The night’s darkness is as familiar to me as the day.
I have conversation with a different star every night.
Each a friend but not as dear as the me I leave behind every night.

His eyes brown, and hair of black, like me only longer and unkempt
His nose, ears, his limbs, could well have been mine.
His skin whiter then mine, it had never seen the sun.
We are just an extended repetition of ourselves.

He lives in a white wooden coffin with engravings on the side.
And red velvet pillow made from the softest of cotton.
Dressed in finest white, resting his head on an emerald pillow.
He never leaves.
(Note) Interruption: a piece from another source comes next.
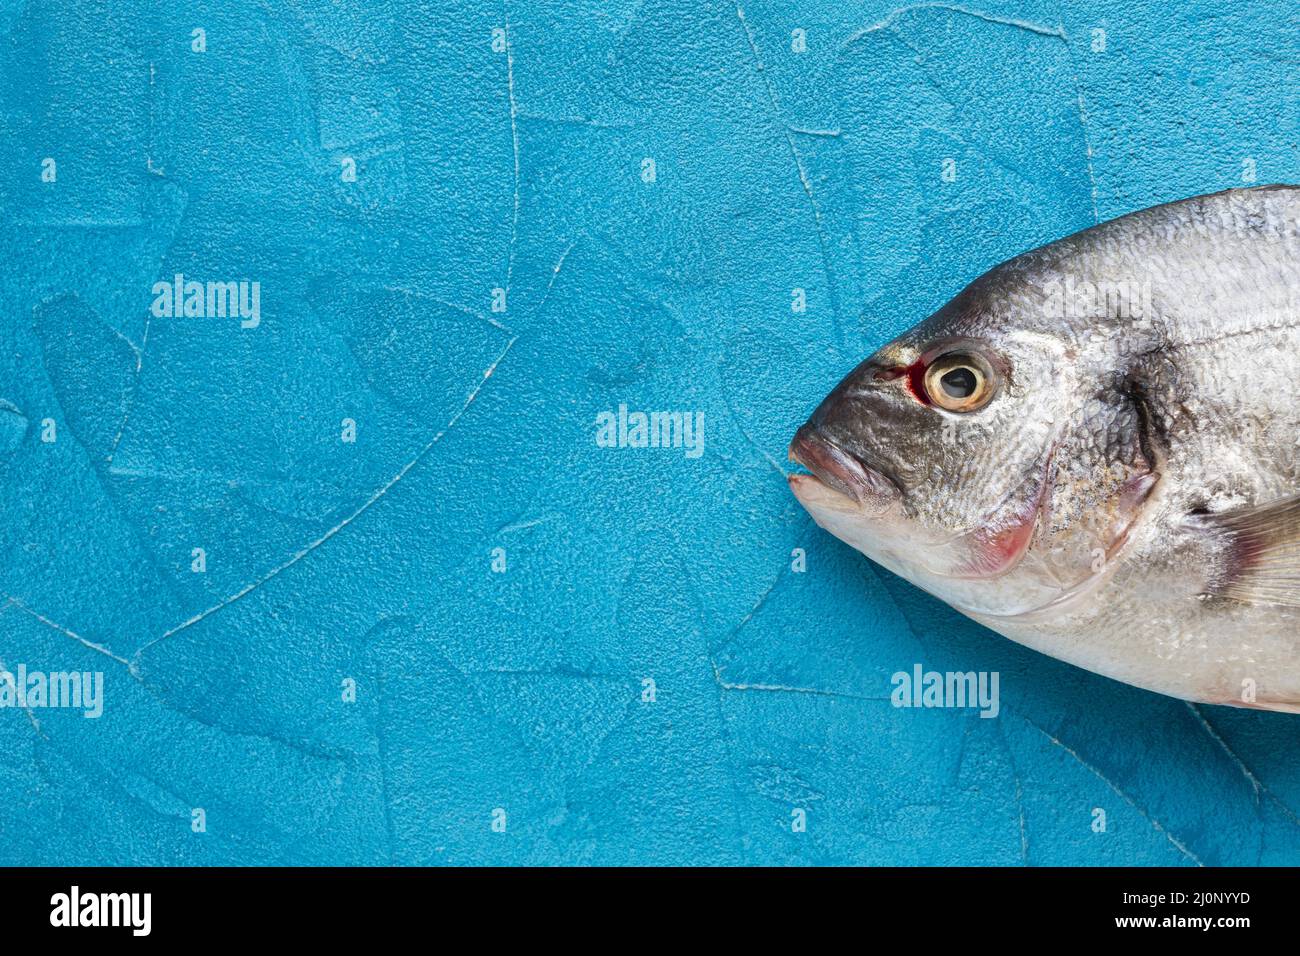 Top view fish blue background. High quality and resolution beautiful photo concept Stock Photo

He has been here for the past 15 years.

He was strong and always wore a wide-toothed ready smile.
I have seen that change, he is now but my corpse.
Brittle bones held together with the thinnest, wrinkled skin like the one shed by the snake in the shed.
I nourished him only on my pains and sorrow in the conversations of the sleepless, endless nights.

Tonight I smell that distinct stench that fills your senses only to never leave.
That unmistakable smell of death and rot.
He does not even need to breathe to live his death now.
We look into each others eyes, saying nothing. Knowing the time is here.

I decide to dress him up and. make him pretty for his final journey.
I cut his hair, and shave his beard.
We are just an extended repetition of ourselves.
I see him and wonder – Is he me or is he the reflection I see in the mirror?
I see him and wonder – Is he dying or is the corpse but me?